Это довольно странно, но мне ближе и понятнее всего другая вышедшая недавно книга об отце-изменнике. Это написанная Вибке Брунс (Wibke Bruhns) «My Father's Country: The Story of a German Family» (Страна моего отца: история немецкой семьи). Автор рассказывает о своем отце, офицере германской армии времен Второй мировой войны, казненном в 1944 году (Вибке Брунс тогда было шесть лет) за участие в заговоре с целью убийства Гитлера. «Я никогда его не знала, и в результате  он меня совершенно не трогал. Я никогда не скучала по нему», - пишет она о своем детстве. Став взрослой, она с огромным трудом примирилась с тем, что ее семья поддерживала национал-социализм. Но в итоге из-за участия отца в неудачном покушении она стала смотреть на него как на героя, отрекшегося от Гитлера. Она с сожалением говорит со своим мертвым отцом: «Как бы мне хотелось посмеяться вместе с тобой».

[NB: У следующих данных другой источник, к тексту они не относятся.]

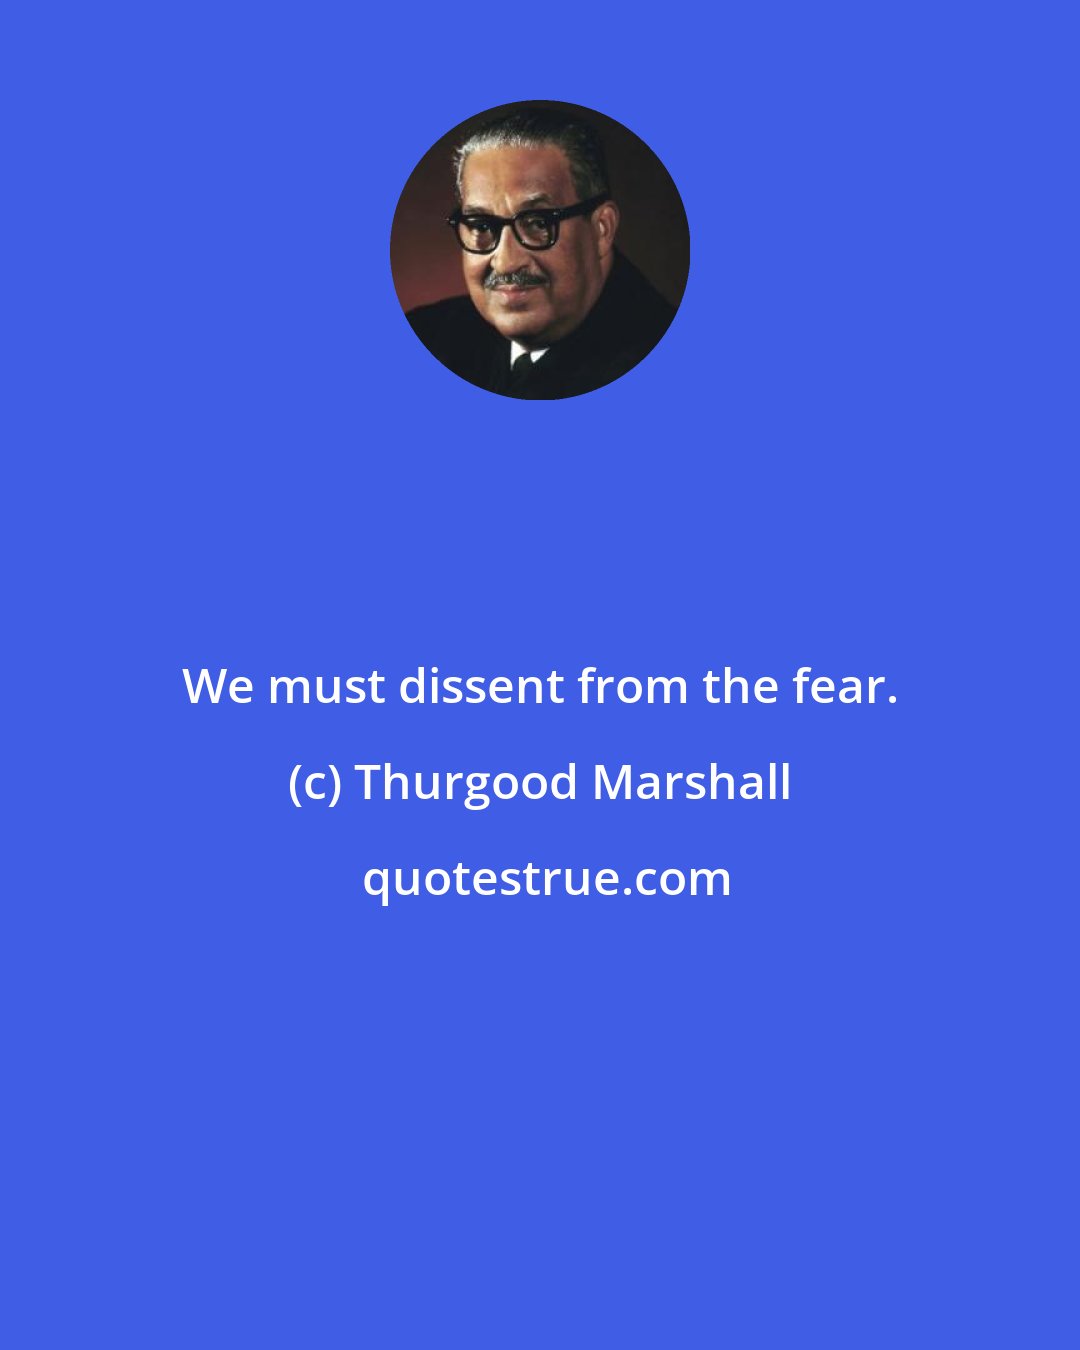 Thurgood Marshall: We must dissent from the fear.

Глядя на фотографию своего отца, я понимаю, что смеяться вместе с ним мне было бы трудно. Когда я узнал, как с ним обращались в тюрьме и в ГУЛАГе, моей первой инстинктивной реакцией была ненависть к его мучителям. Но куда я могу направить свой гнев? Сталин давно уже умер, как и его кровожадные приспешники. Советской системы больше нет. Она - лишь память о времени и о политике давно ушедших дней. Но когда я смотрю на его фотографию, где он так молод, у меня возникает странное желание защитить его - как будто он мой сын. Мне больно от того, что он умер от голода и холода, что его похоронили в бескрайней российской тундре, не оставив никакого памятника, никакой надписи. Поэтому я и пишу - чтобы вернуть его обратно из ГУЛАГа, чтобы собрать его жизнь в единое целое из нескольких пыльных клочков бумаги, лежащих в папке на Лубянке, чтобы организовать ему похороны, которых у него не было.